Alteraciones del sistema inmunitario: reacciones agudas de hipersensibilidad§, shock anafiláctico.

Otros: alteraciones en el lugar de administración; con el uso prolongado, pueden presentarse alteraciones visuales, alteraciones de la función renal, alteraciones del equilibrio electrolítico.

* Se han notificado casos de hipertensión arterial pulmonar (HAP) con la administración parenteral de preparaciones de interferón alfa, especialmente en pacientes con factores de riesgo de HAP (como hipertensión portal, infección por VIH, cirrosis hepática). Los eventos se notificaron en diferentes momentos, generalmente varios meses después del inicio del tratamiento con interferón alfa.

§ Véase la sección «Instrucciones de uso».

Notificación de reacciones adversas sospechosas.

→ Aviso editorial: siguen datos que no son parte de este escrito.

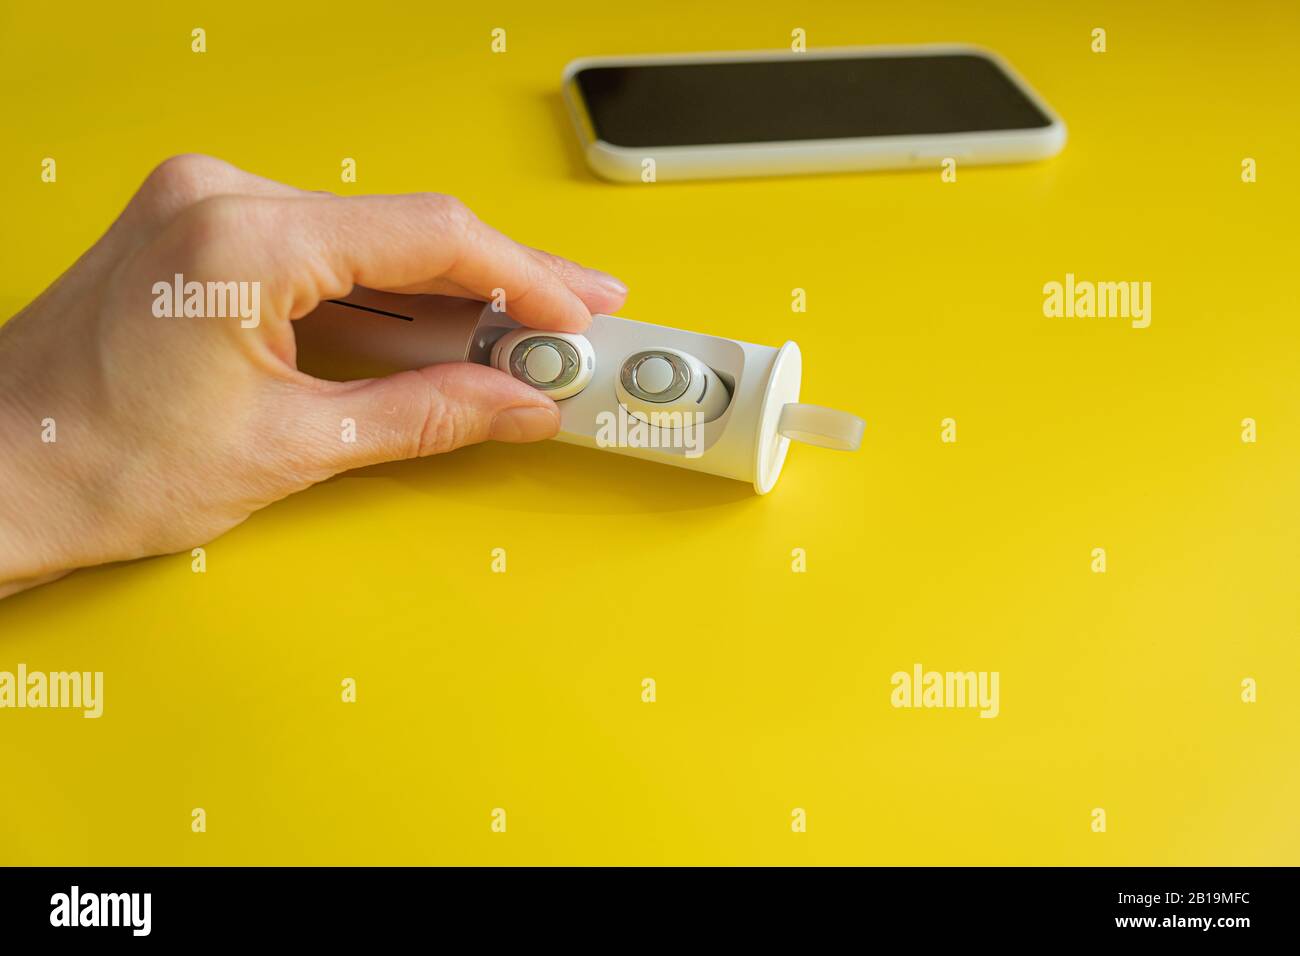 Cuffie wireless bianche per smartphone su sfondo giallo brillante, concetto di minimalismo Foto Stock

La notificación de reacciones adversas tras la autorización del medicamento es importante. Permite realizar el seguimiento continuo de la relación beneficio-riesgo del medicamento. Los profesionales médicos y farmacéuticos, así como los pacientes o sus representantes legales, deben informar sobre todos los casos sospechosos de reacciones adversas y sobre la falta de eficacia del medicamento a través del Sistema Informático Automatizado de Farmacovigilancia, en el enlace: https://aisf.dec.gov.ua.

Período de validez.

1,5 años.

Condiciones de conservación.

Conservar en el envase original a una temperatura entre 2 °C y 8 °C. Mantener fuera del alcance de los niños.

Envase.

5 óvulos en envase blíster, 2 envases blíster en caja de cartón.

Categoría de dispensación. Bajo receta médica.

Fabricante. Compañía Científico-Productiva «Interfarmbiotek», S.L.

Dirección del fabricante y lugar de actividad.

Ucrania, 03143, Kiev, calle Zabolotnogo, 150.